India is one of the few emerging markets where an EMI-based personal loan, rather than a minimum payment-based credit card, is the most common first step up the credit ladder. This is true even in near-prime customer segments where gig-economy income is a very critical component of household finances. It does not mean anything. The credit-hungry segments of Indian society need and deserve products that provide more flexibility in repayment. Smart companies are already responding to this need (eg Bajaj’s FlexiLoans). Expect this trend to gain momentum as more lenders create hybrid products that combine traditional EMI-based loans with credit card-like flexibilities.

Wage credit earned

Payday loans (small, short-term loans that the borrower expects to repay when they get their next salary) are now widely available. Big FinTech brands like EarlySalary explicitly talk about this use case. However, these products remain traditional loans, taken out according to the borrower’s capacity and repayment intention, and drawn from the borrower’s bank account. Innovators like UK-based WageStream have bolstered this use case by allowing workers to withdraw wages they’ve already earned from their employers, for a fee. In this model, the actual loan is between the lender and the employer, not the worker, and so the client onboarding process is much lighter. A startup called Refyne just raised $82 million to bring this business model to India. Expect others to follow suit.

Credit based pricing

Typically, sellers offer buyers a combination of credits and discounts to promote their products. The amount of credit and discounts are inversely correlated, i.e. a seller who offers more credit does so to defend their prices by offering a lower discount. This relationship has weakened in recent months. Cash-rich FinTechs armed with new product formats (e.g. buy now-pay later) have tried to lure buyers to their platforms/franchise by offering substantial amounts of credit and rebates. Expect this to stop. As traditional metrics such as credit quality and profitability come back into vogue, expect consumer credit to once again become a tool used to defend pricing, rather than a sweetener added to already attractive discounts. .

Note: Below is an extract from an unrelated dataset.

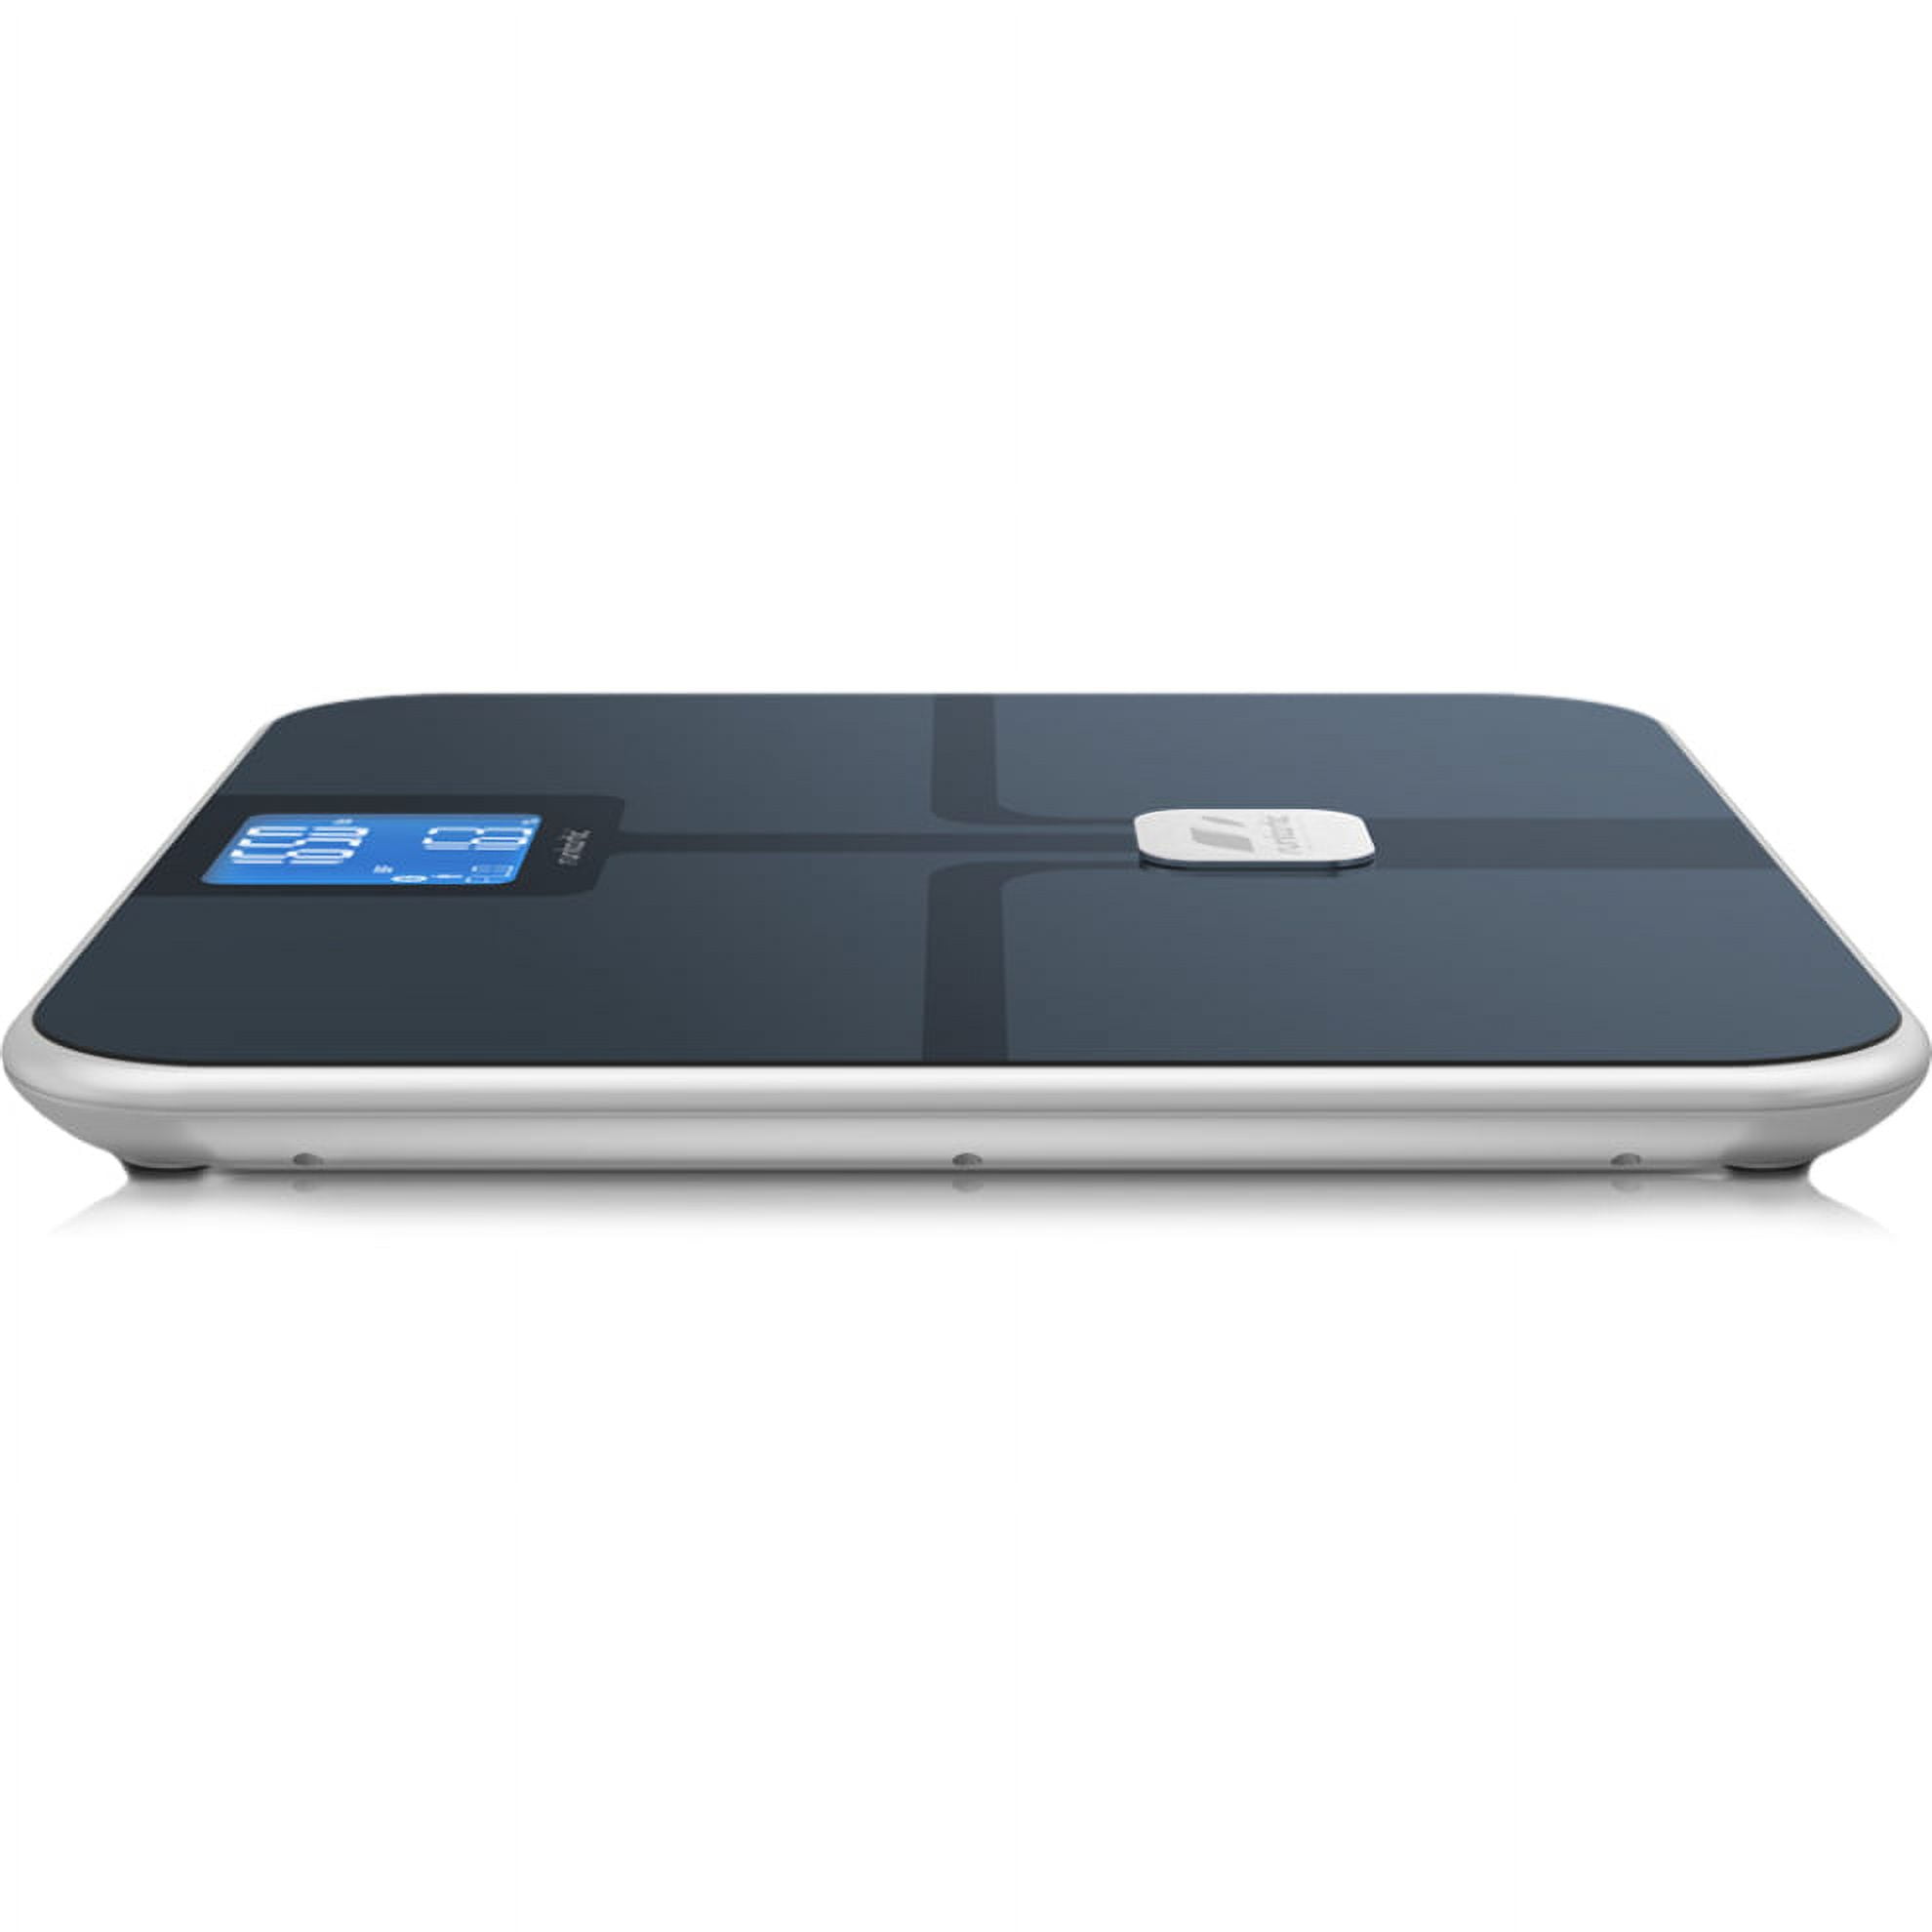 Runtastic Libra Bluetooth Smart Scale Review

As we celebrate innovation in consumer finance, it’s also worth remembering that it’s one of the oldest industries in the world.

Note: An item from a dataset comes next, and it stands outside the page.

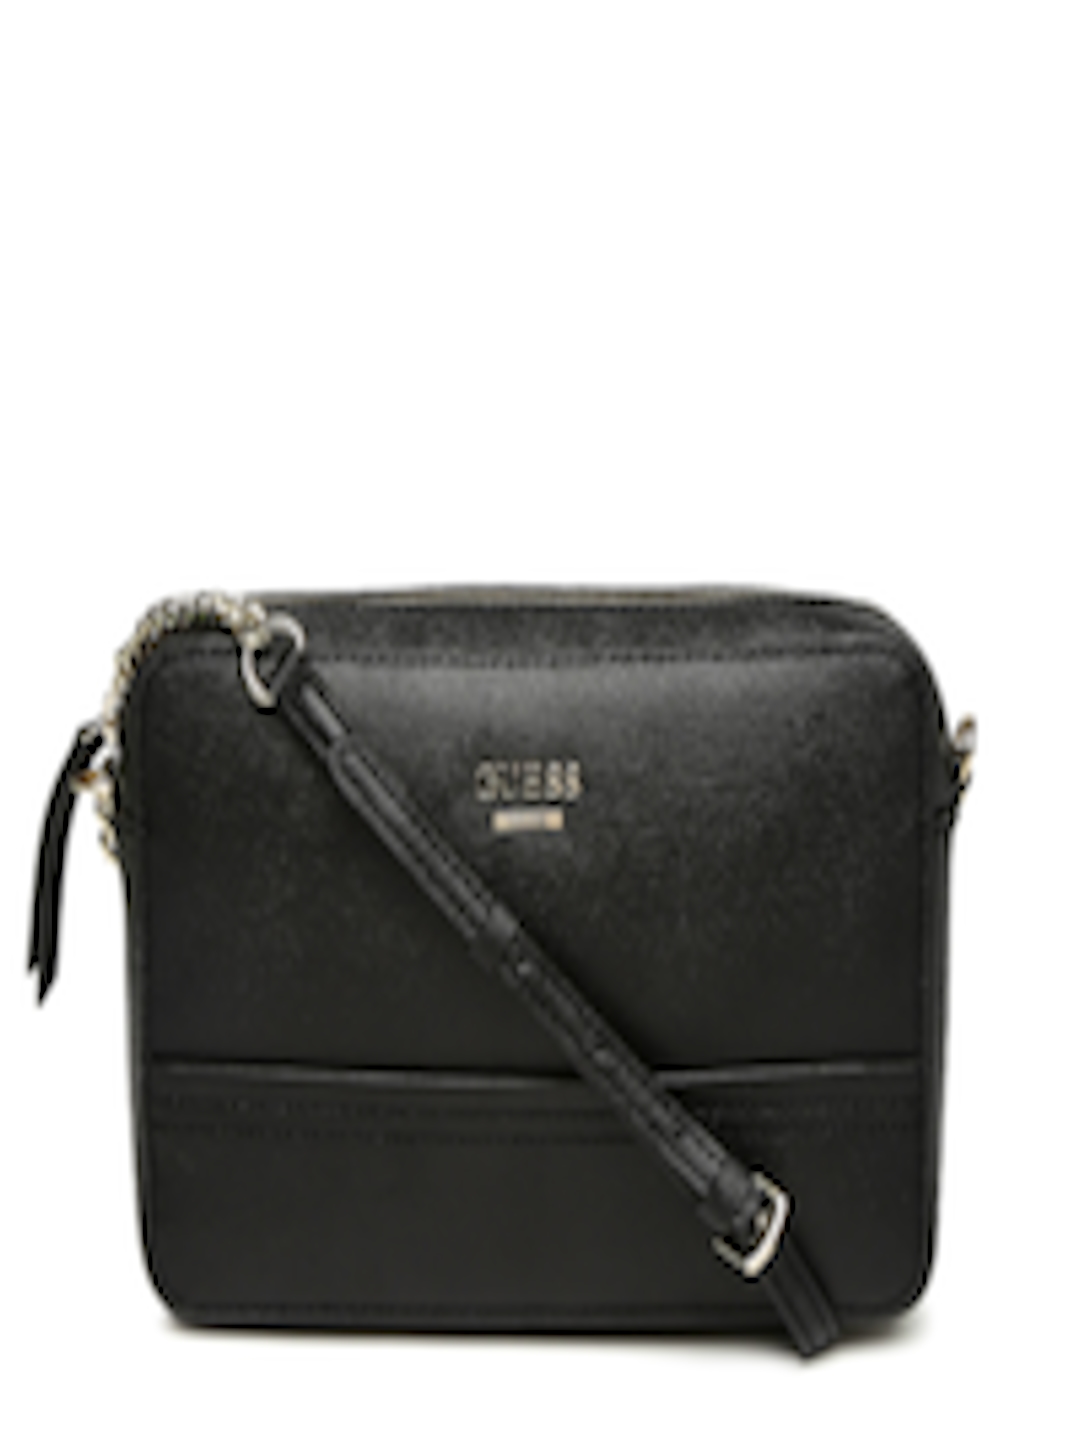 Buy GUESS Black Sling Bag - Handbags for Women 1738129 | Myntra

Consumer credit is (literally) as old as history itself. Humanity’s oldest written records – cuneiform tablets discovered in ancient Mesopotamia – are believed to be credit records. These were promissory notes exchanged between those who had saved on previous harvests and those who were looking to borrow to sow the next harvest.

Truly new ideas are rare in such an old industry. Most of the innovations are about doing age-old tasks – sharing data, securing a friend’s loan, paying back as much as you can when you can – more efficiently using modern technology.

So I will end by thinking that despite all the excitement around technological disruption and new business models, excellence in the age-old disciplines of capital adequacy, credit quality, profitability and proximity customer will be the main drivers of innovation. and success in 2022 and beyond.